* BRIEF:
Please print nothing but the lines from the one with "Uhren Manufaktur Ruhla" to the last line of the records below, and omit pictures.

-- WORKING DATA follows --

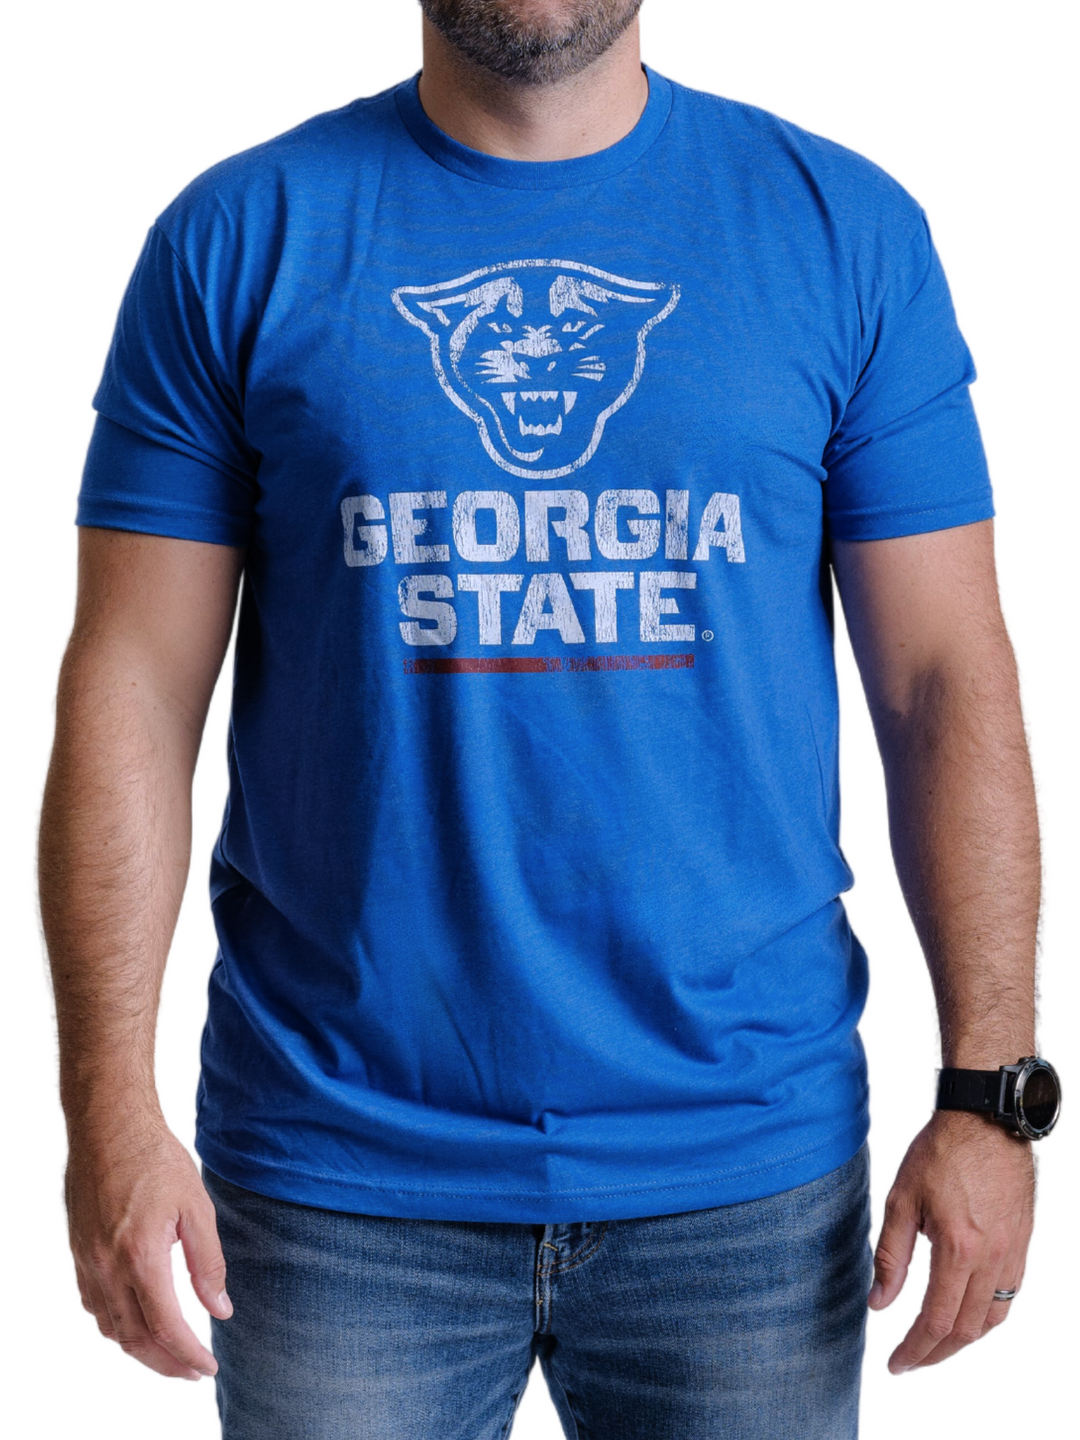 Georgia State University Panthers Stacked Combo Logo Unisex T-shirt (Royal Blue)Georgia State University Panthers Stacked Combo Logo Unisex T-shirt (Royal Blue)
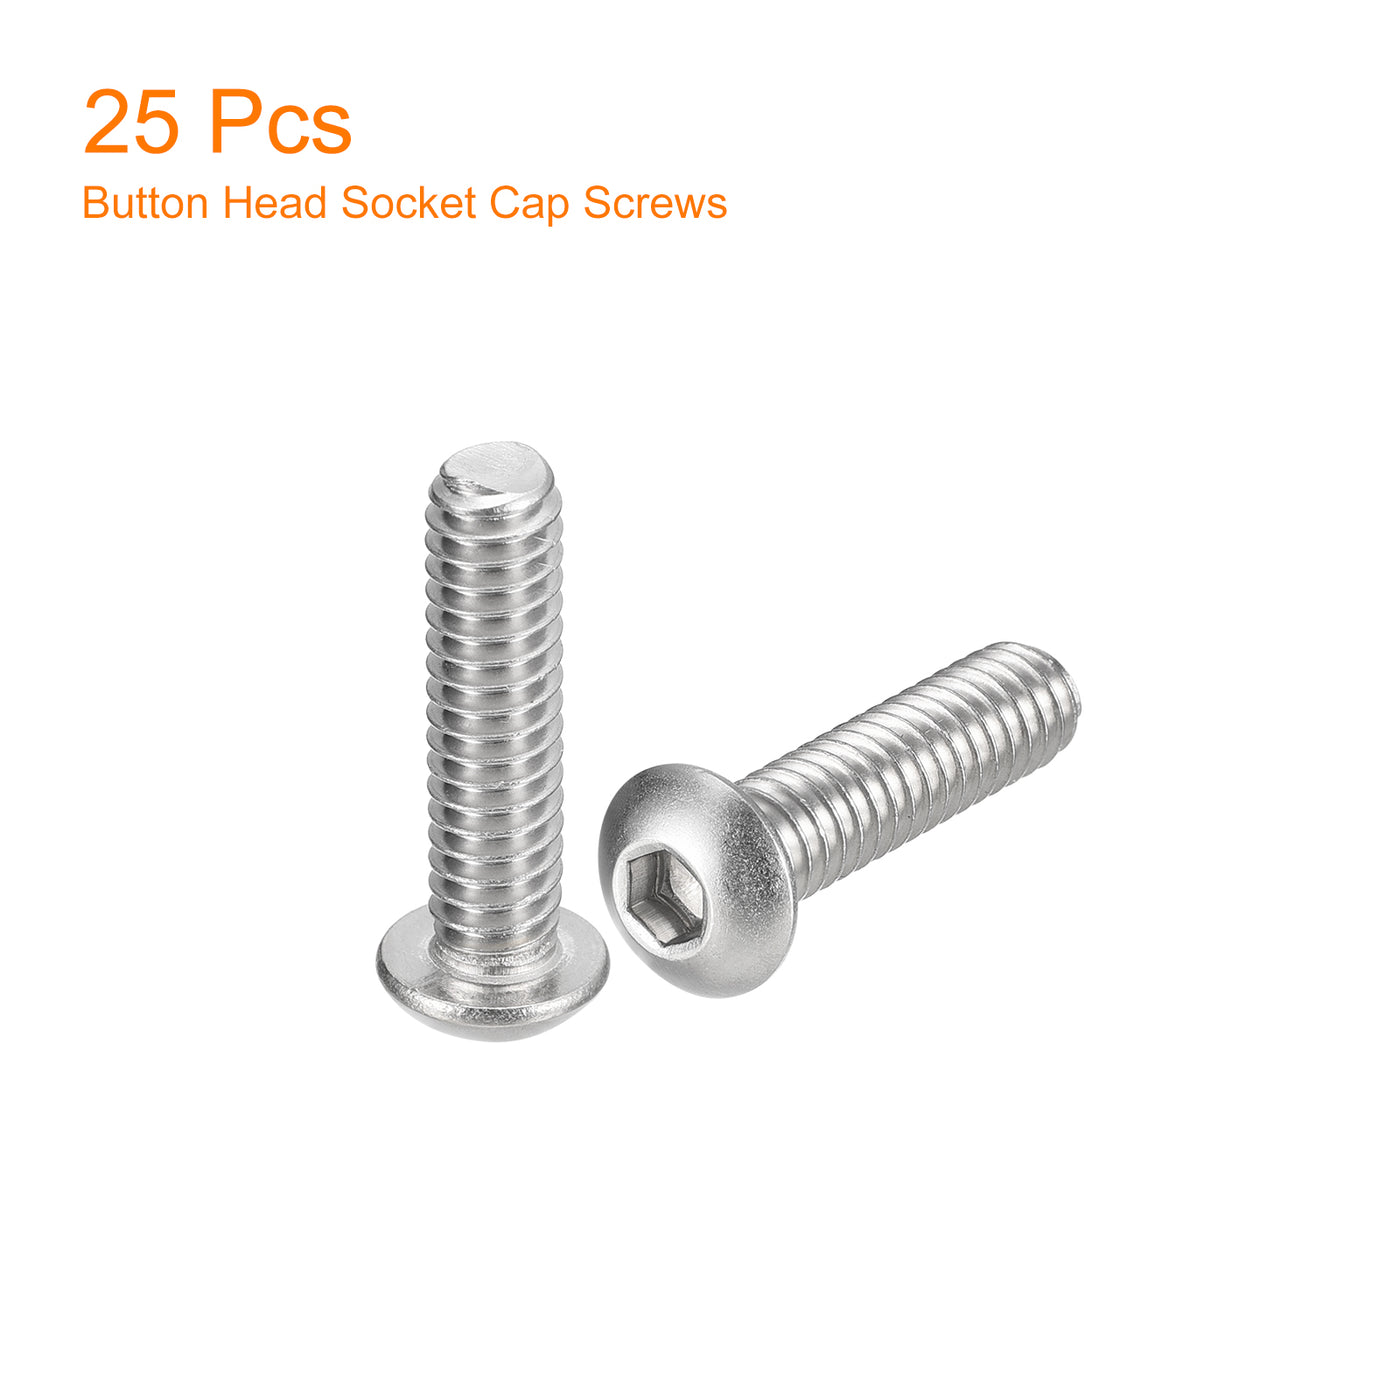 uxcell Uxcell 1/4-20x1" Button Head Socket Cap Screws, 25pcs 304 Stainless Steel Screws
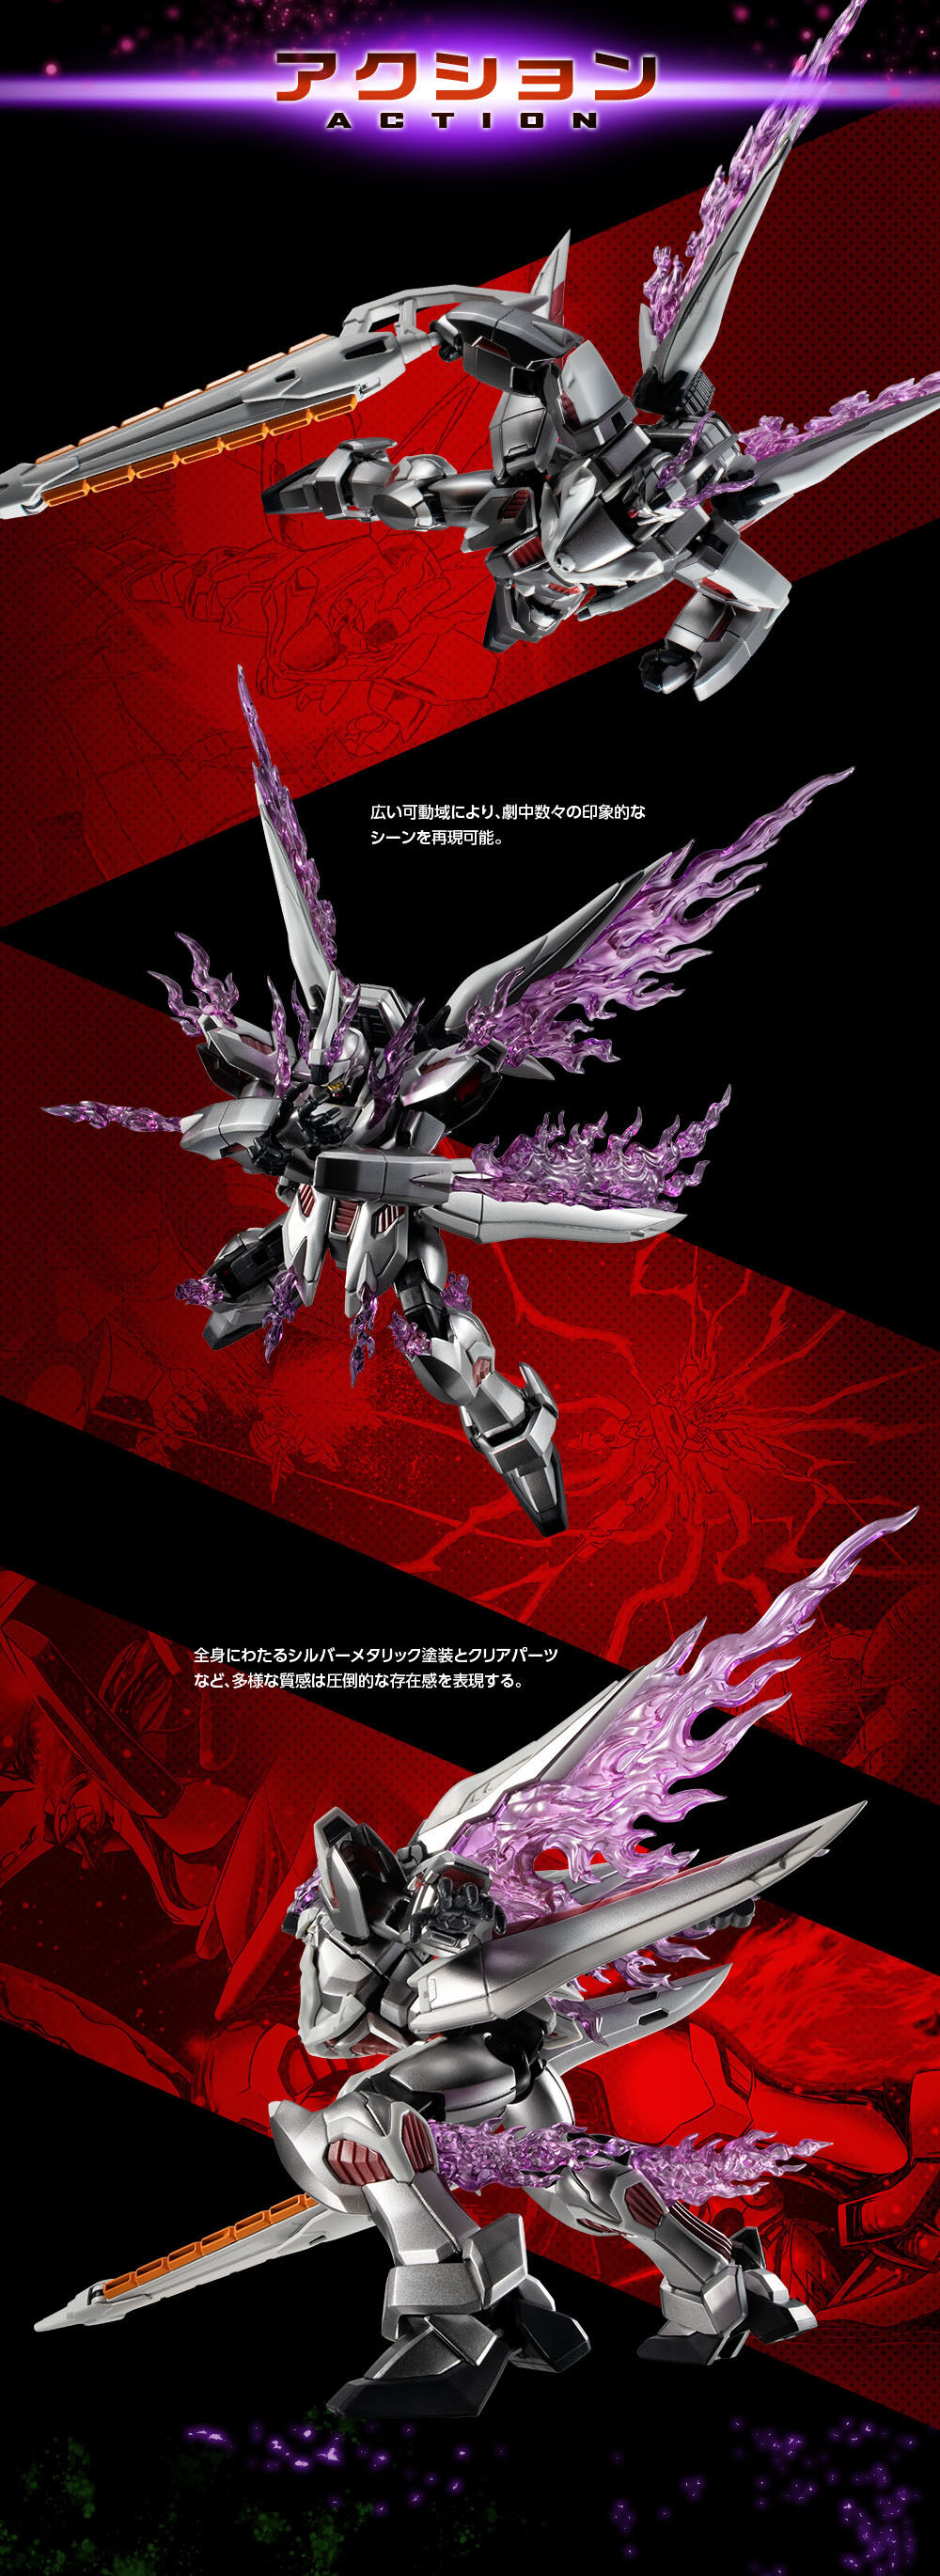 Robot Spirits(Side MS) R-SP XM-XX Ghost Gundam
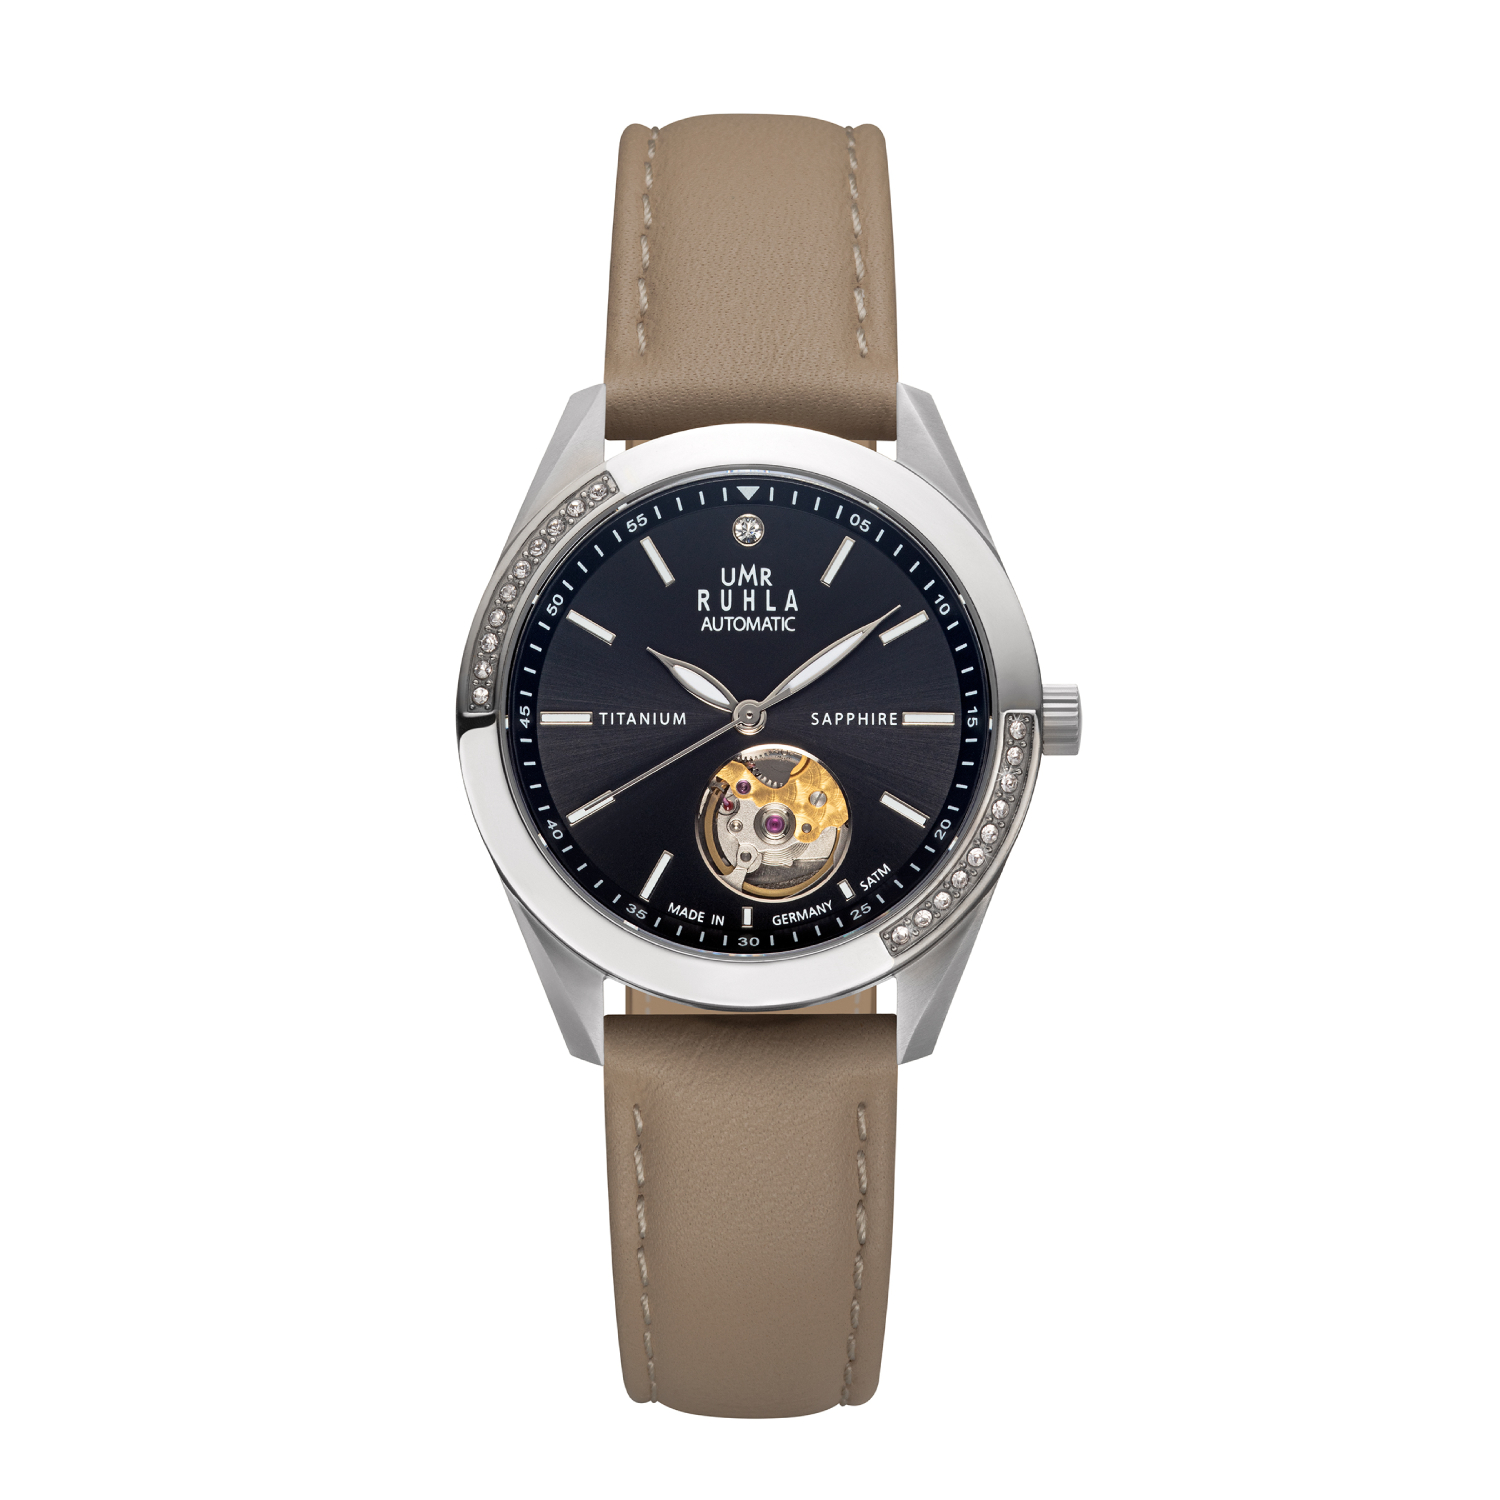 Uhren Manufaktur Ruhla - automatic wristwatch - brown leather strap
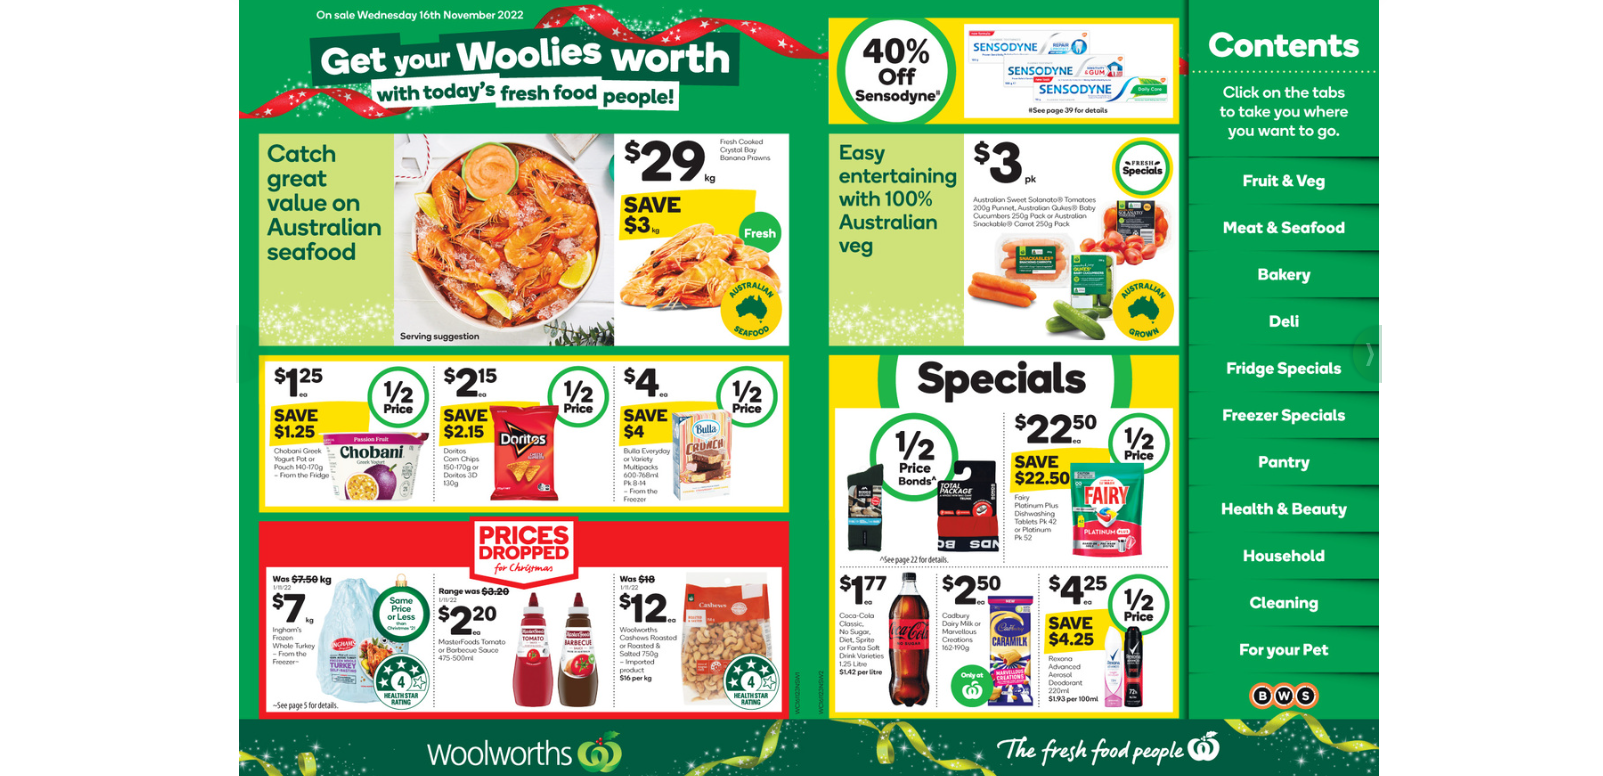 Woolworths - 1/2 price Bonds, OLAY, Doritos, Chobani

-- WORKING DATA concluded --

* TASK OUTPUT:
 Uhren Manufaktur Ruhla - automatic wristwatch - brown leather strap
 Woolworths - 1/2 price Bonds, OLAY, Doritos, Chobani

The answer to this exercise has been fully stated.